It's practically your route.
And my blood is on the floor back there.
And I, you know...
believe you me, if these walls could talk, type of thing.
And then suddenly, between me and a door that normally has a friendly face sitting at the door, like, hey, man, how's it going?
Here, there's a strange person who...
This is not their place.
They look really uncomfortable, fish out of water.
And they're sitting on the magic stool.
And I go, hey, man, I'm just here to see that.
And they're like, well, your pass is blue.
And the pass that gets you through this door is pink.
And I'm like, yeah, well, that was just a thing.
It must have been a mistake.
And if he's not heard it a thousand times, somebody has told him that he's heard it a thousand times.
And then I'm there.
And he knows.
His job, remember earlier we told you to just keep saying no?
That's your job.
You will succeed at your job if you keep saying no in the enforcement of the thing that you're here to enforce.
And there are thousands of show business stories where, where somebody like that stops Ray Charles at the back of some places.
Like that's not the right pass.
And Ray Charles is like, I'm Ray Charles.
And the guy's like, never heard of him.
Um, he's not on the list.
Like that happens a lot.
Yeah.
And, and, and because they hire these people specifically because they couldn't pick Lizzo out of a crowd, right?
They're just, these are just people that they, that they pulled from a soup kitchen.
Yeah.
But I am... You can borrow some burnouts from the film war.
You know, like, hey, come on, 50 bucks.
I am constitutionally really bad at navigating those moments.
And I work at it so hard.
And I still cannot accept... And what happens is, I go, this band...
who's coming through town that invited me to the show, gave me a fucking pink badge.
I'm sorry.
They gave me a blue badge and they know that a pink badge is what was required to get through this door.

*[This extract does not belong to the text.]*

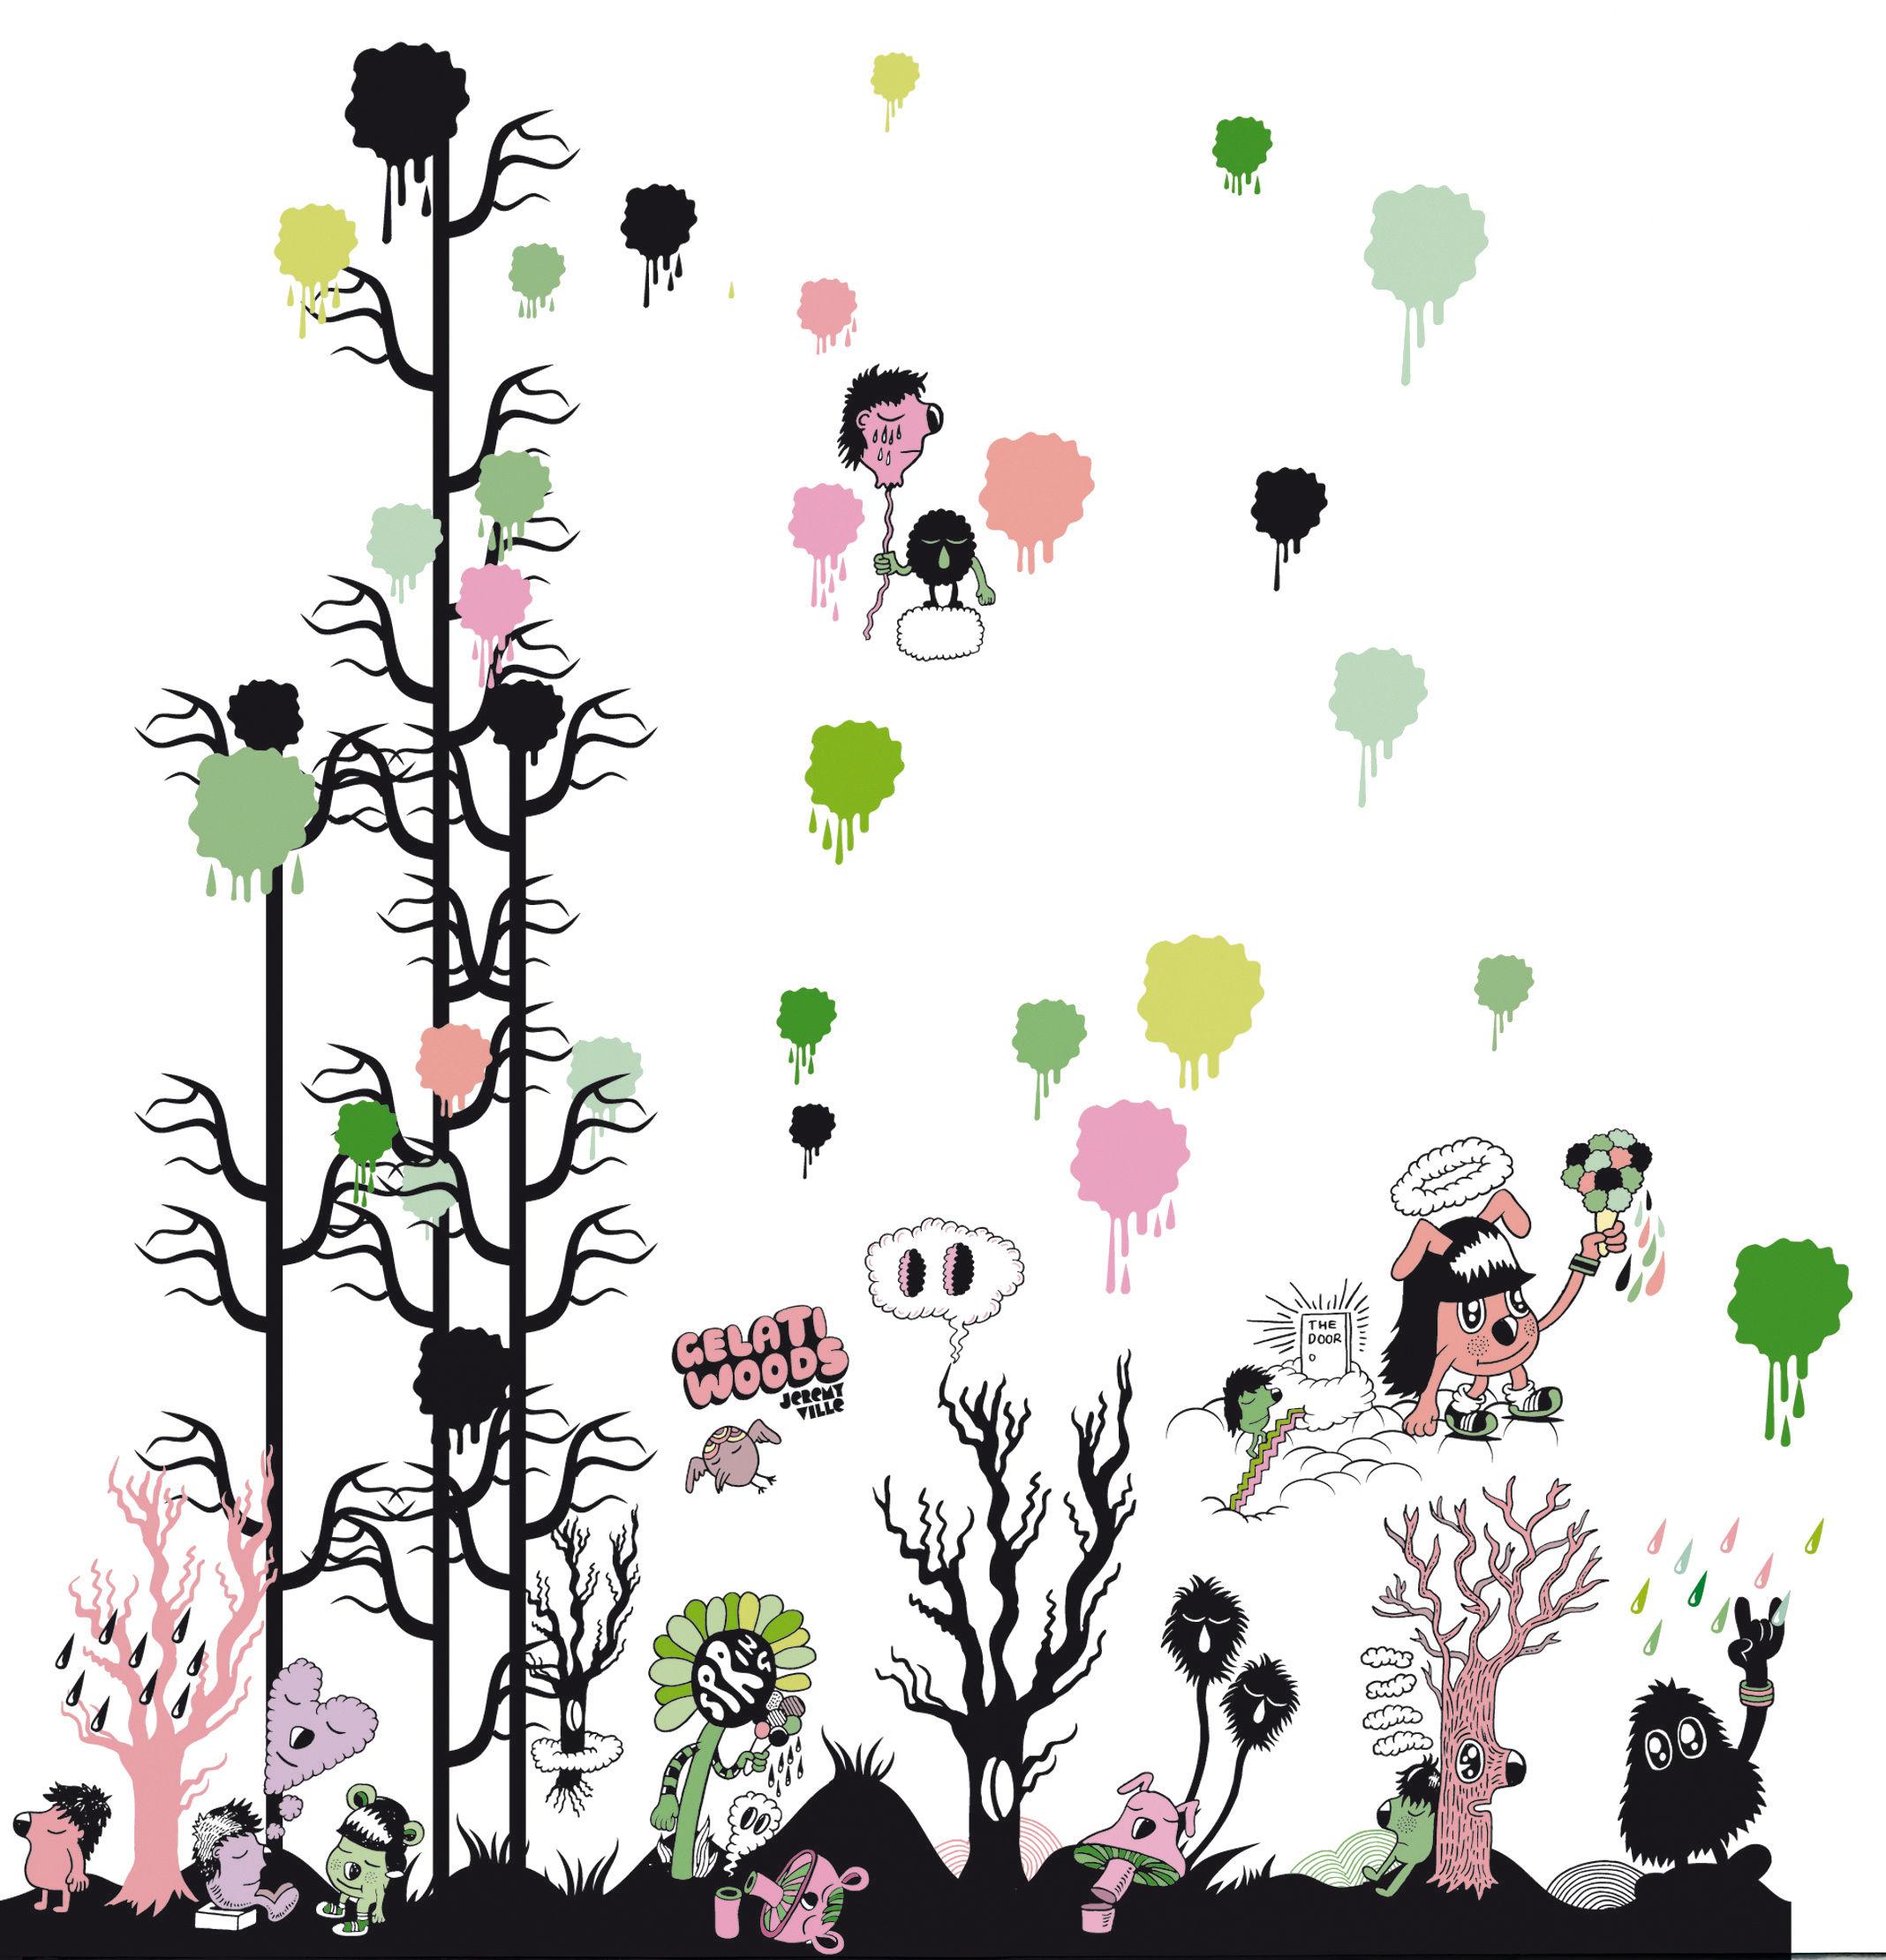 Dekoration - Stickers und Tapeten - Gelati woods Sticker - Domestic - Bunt - Vinyl

And so they kept me in blue badge land and fuck that.
Yeah.
But there's nothing I can do.
I can text them five minutes before they go on stage and go, why the fuck isn't my pass right?
Can't do that.
I can.
Because if you're contacting, if you know their management, that's one thing.
Well, if you're texting the drummer when they're about to go out, that's not very cool.
If you're texting their road manager.
five minutes before they go on the road that's not what he's worried about he's not worried about you yeah right there's nobody in it's not like you're there it's not like you're there it's not like you're um the whatever that guy from atlantic records it's not like you're gonna show up you're not herb albert you're not gonna like show up with a contract or something you're not the person where they're like you know oh there's someone that's somebody gonna be here tonight and they're gonna sign us up for you know you're you're it's nice to have you there you're a pal but you're not like essential to the process
Even those guys, you know, I don't think five minutes before, but, but, but what happened, what, what had happened was what had happened was what happens to me internally is that,
You know, I don't really feel slighted that much in the world, but that's that thing.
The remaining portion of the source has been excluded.